Deep physics based structural health monitoring

Principal Investigators

Prof. Dr.-Ing. habil. Stefan Kollmannsberger, 
Chair of Computational Modeling and Simulation, Department of Civil and Environmental Engineering

Prof. Dr. rer. nat. Felix Dietrich, 
Professor for Physics-enhanced Machine Learning, TUM School of Computation, Information and Technology

Project contributor

Divya Singh, M.Sc.,
Chair of Computational Modeling and Simulation, Department of Civil and Environmental Engineering

Qing Sun, M.Sc.,
Chair of Scientific Computing in Computer Science, Department of Informatics

Project summary

The final outcome of this project will be a data-driven, robust, and computationally efficient framework for the detection of defects in civil engineering structures. The framework will be able to generate three-dimensional digital models of investigated structures of civil engineering – much like a CT-scan, but using sound waves. We will advance computational methods in the field of artificial intelligence and data science and apply them to the problem of structural health monitoring.  

Finding hidden structural defects is a crucial task in civil engineering. However, to date the detection of such flaws from sensor signals is everything between time consuming and impossible, since the associated inverse problems are difficult to solve and often too ill-posed for practical applications in civil engineering.

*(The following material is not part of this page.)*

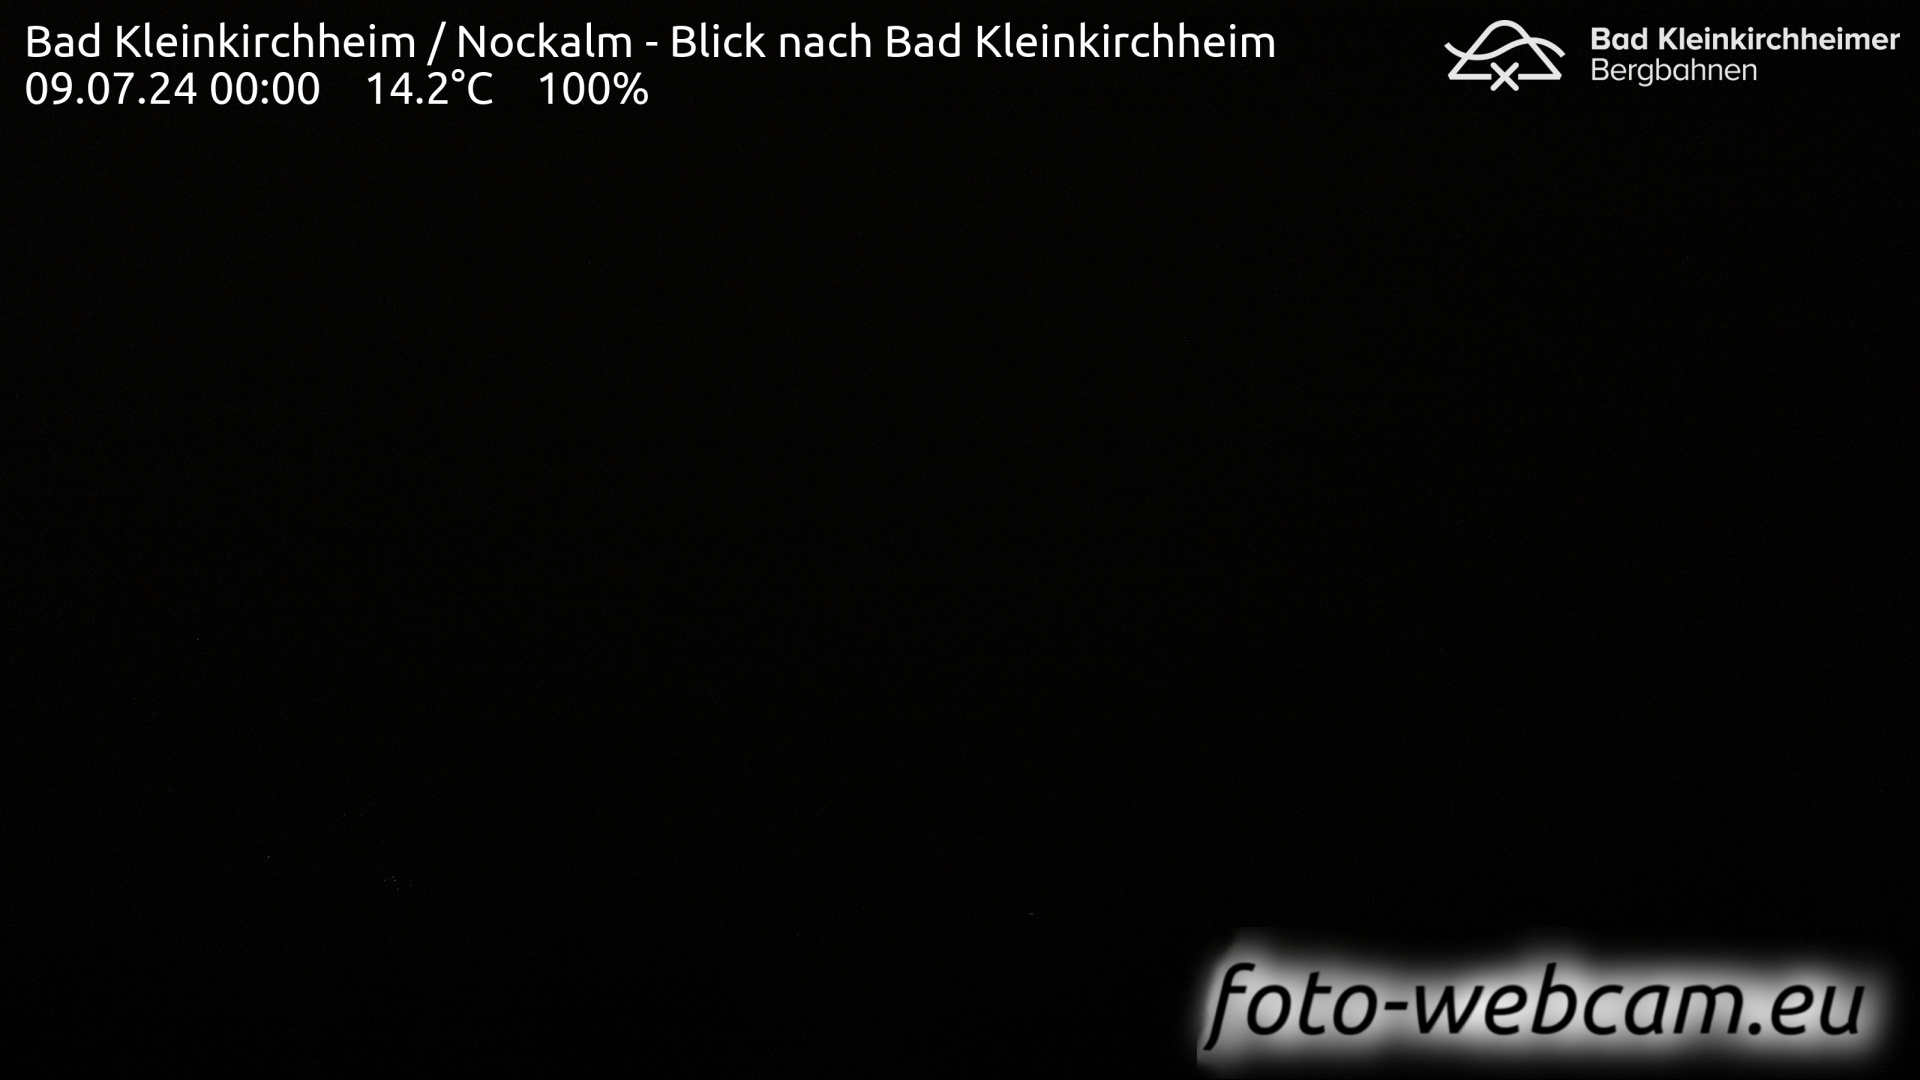 Bad Kleinkirchheim Man. 00:17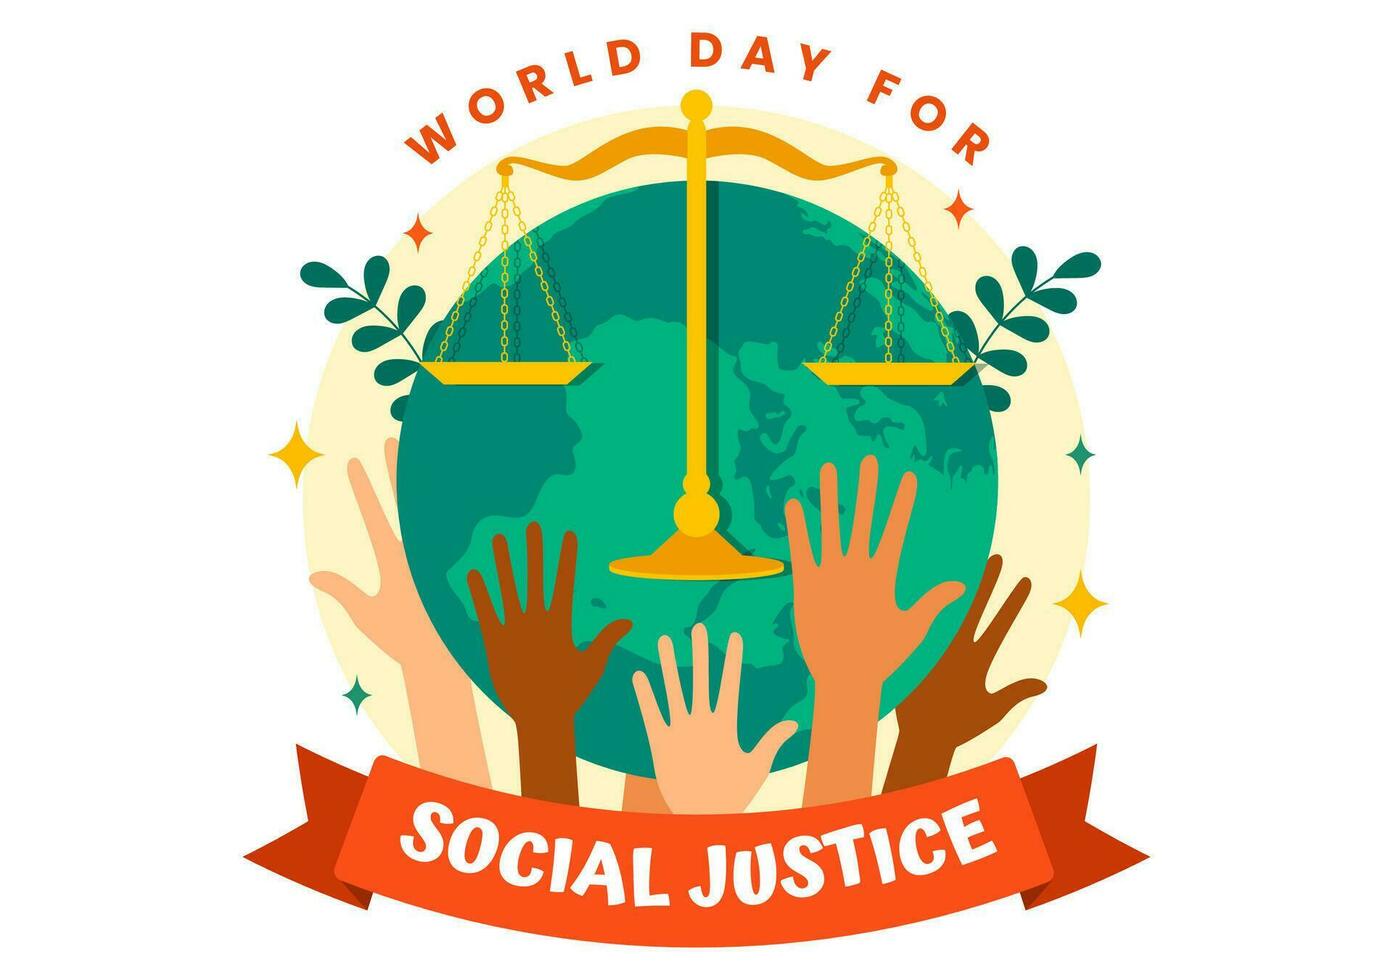 mundo día de social justicia vector ilustración en febrero 20 con escamas o martillo para un sólo relación y injusticia proteccion en antecedentes

To address this problem, we will investigate the full range of available options in data science, ranging from data-driven supervised learning to physics informed unsupervised learning. We will develop data-driven surrogate models to aid or fully replace the conventional full order approaches. The ill-posedness of the problem will be addressed by learning the regularization from data using neural networks. All methods will be evaluated first on benchmark examples and, in the final phase of the project, tested on structures of practical interest in civil engineering.